The readings were off the scamguage.

The motor was warm and in closed loop
OK, now we have some clues. But the first thing to bear in mind is an OBD-II MPG gauge is an educated guess, not a precise technical measurement. The reason is that there is no general PID for 'fuel flow' or 'injector pulse width'. Instead, there are basically two paths to a measurement.

MAF -> Guess at operating AFR -> combine with VSS -> display 'MPG'

Combine MAP, RPM, and IAT -> Guess at VE -> Guess at operating AFR -> combine with VSS -> display 'MPG'

Sometimes, the guesses are wrong, that's why you generally have to 'calibrate'. It isn't just tweaking for precision problems in the sensors, but driving style and even common routes.
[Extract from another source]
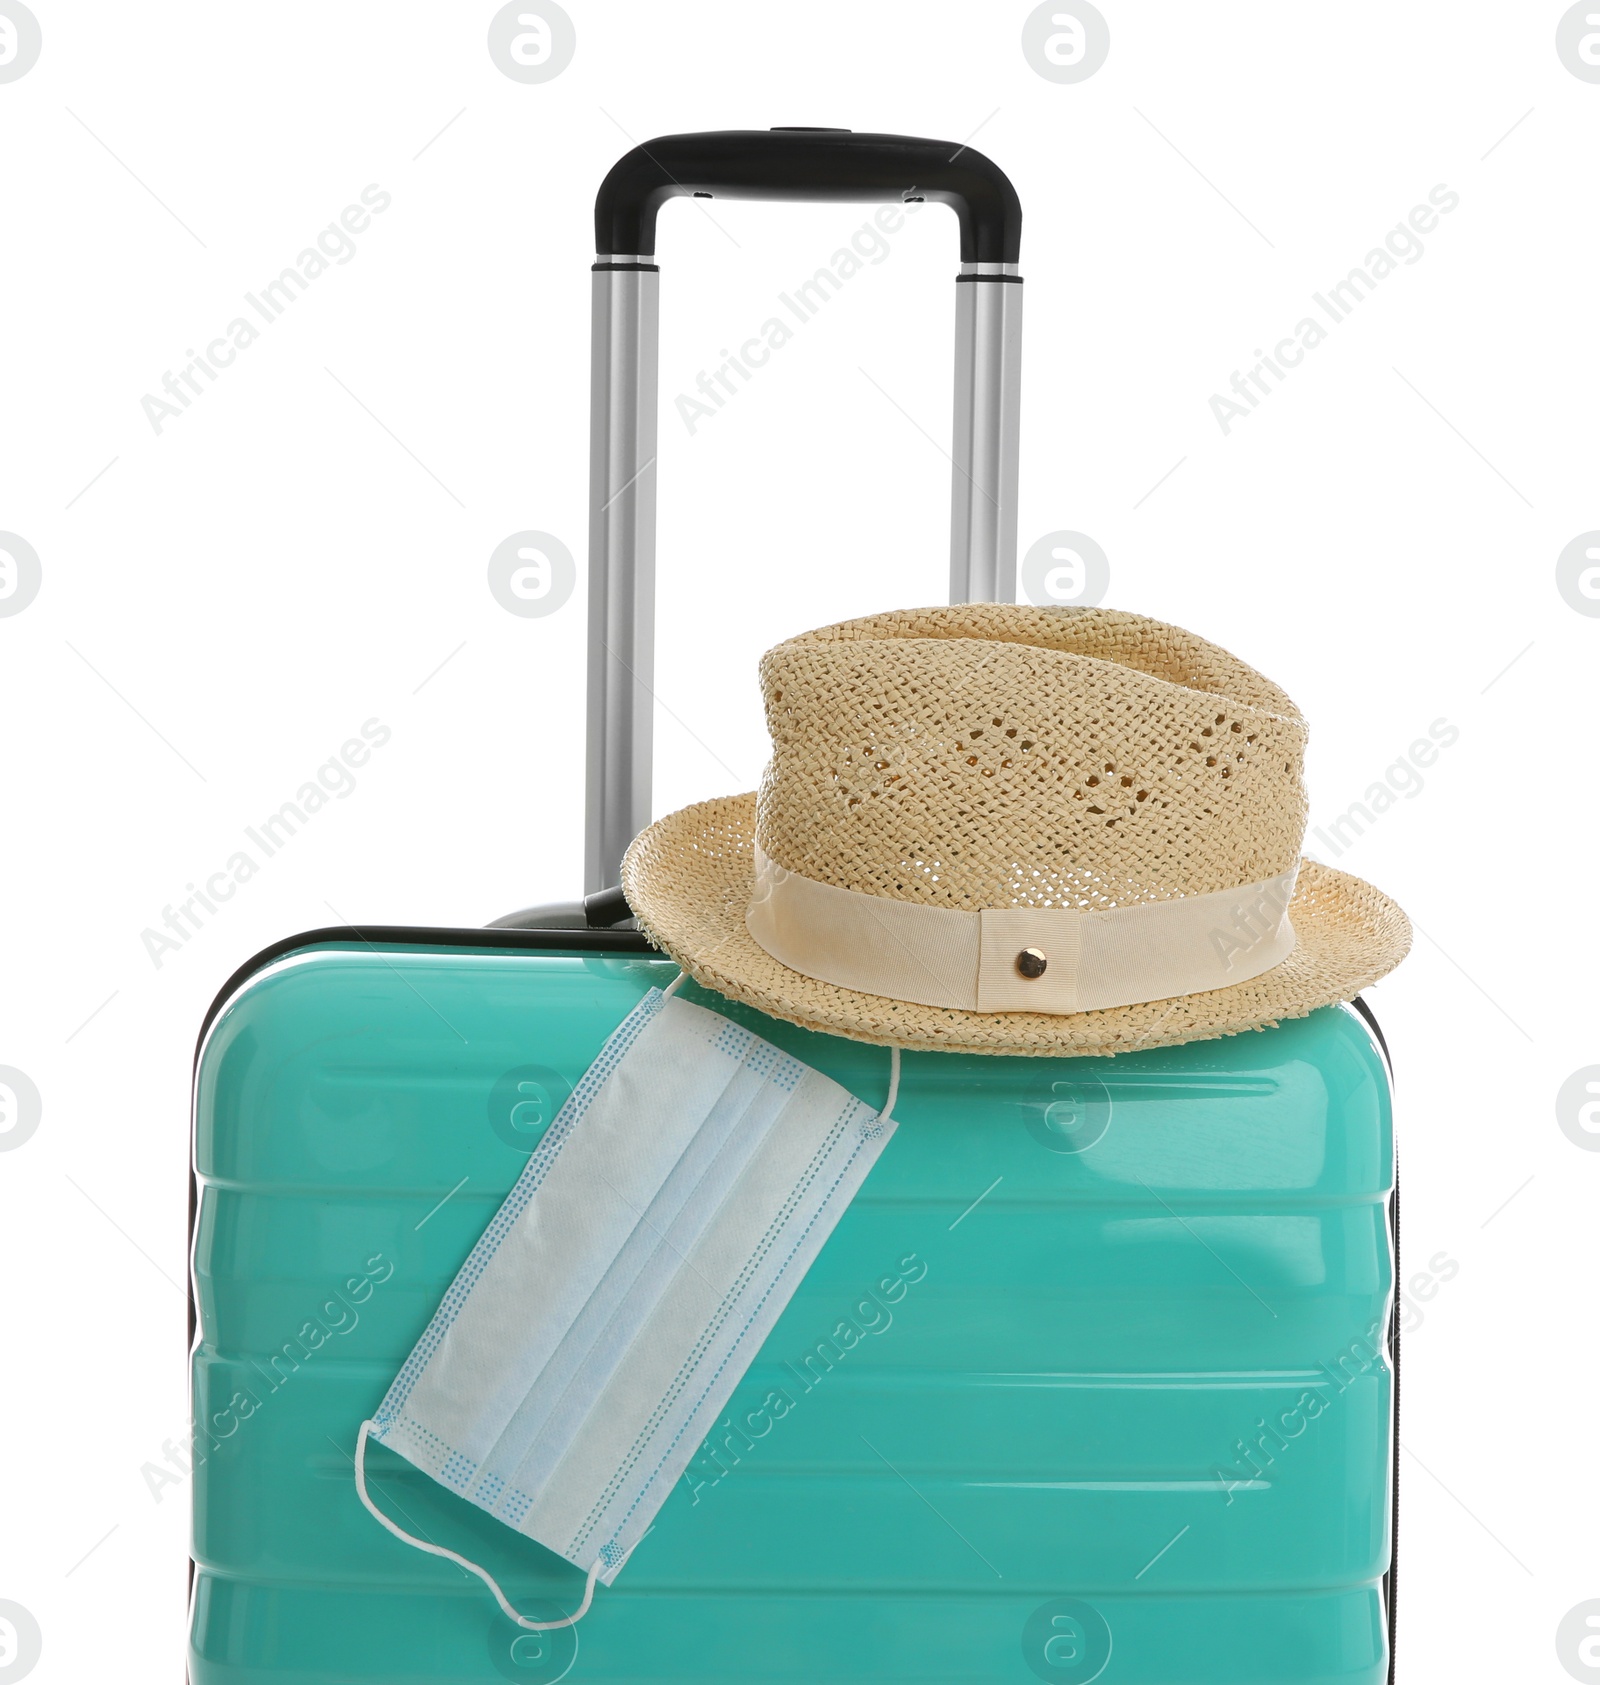 Photo of Stylish turquoise suitcase, hat and protective mask on white background. Travelling during coronavirus pandemic

Now, this could start a whole bunch of seperate arguments, so I want to reiterate, I'm not saying that the measurements are useless. They are not, they have a strong statistical correllation to actual fuel consumption. I'm just saying that when you need a 'fudge factor' you have to take the precision of individual measurements with a grain of salt.

Quote:
Originally Posted by rmay635703 View Post
It appears that when my timing at highway speeds (again previous experience) is in the 20's my fe is the same as open loop which also has timing in the 20's
This is the problem with distinguishing correlation from direct cause and effect. The optimum peak pressure point in the engine is fixed by geometry, it is built into the design. You are looking at timing in DEGREES, but to understand timing, we have to think in terms of TIME.

At it's simplest, this is easy to visualize. When we are at idle, timing generally drops to near zero, this is because the piston is moving slowly. As RPM goes up, we have to pull the timing back in TIME to have the burn hit the same peak pressure point.

But there is another dimension, the burn of the mix is not a fixed interval in time. It is effected a great deal by turbulence, or swirling of the mix, AFR, and by temperature. Temperature may be the biggest factor.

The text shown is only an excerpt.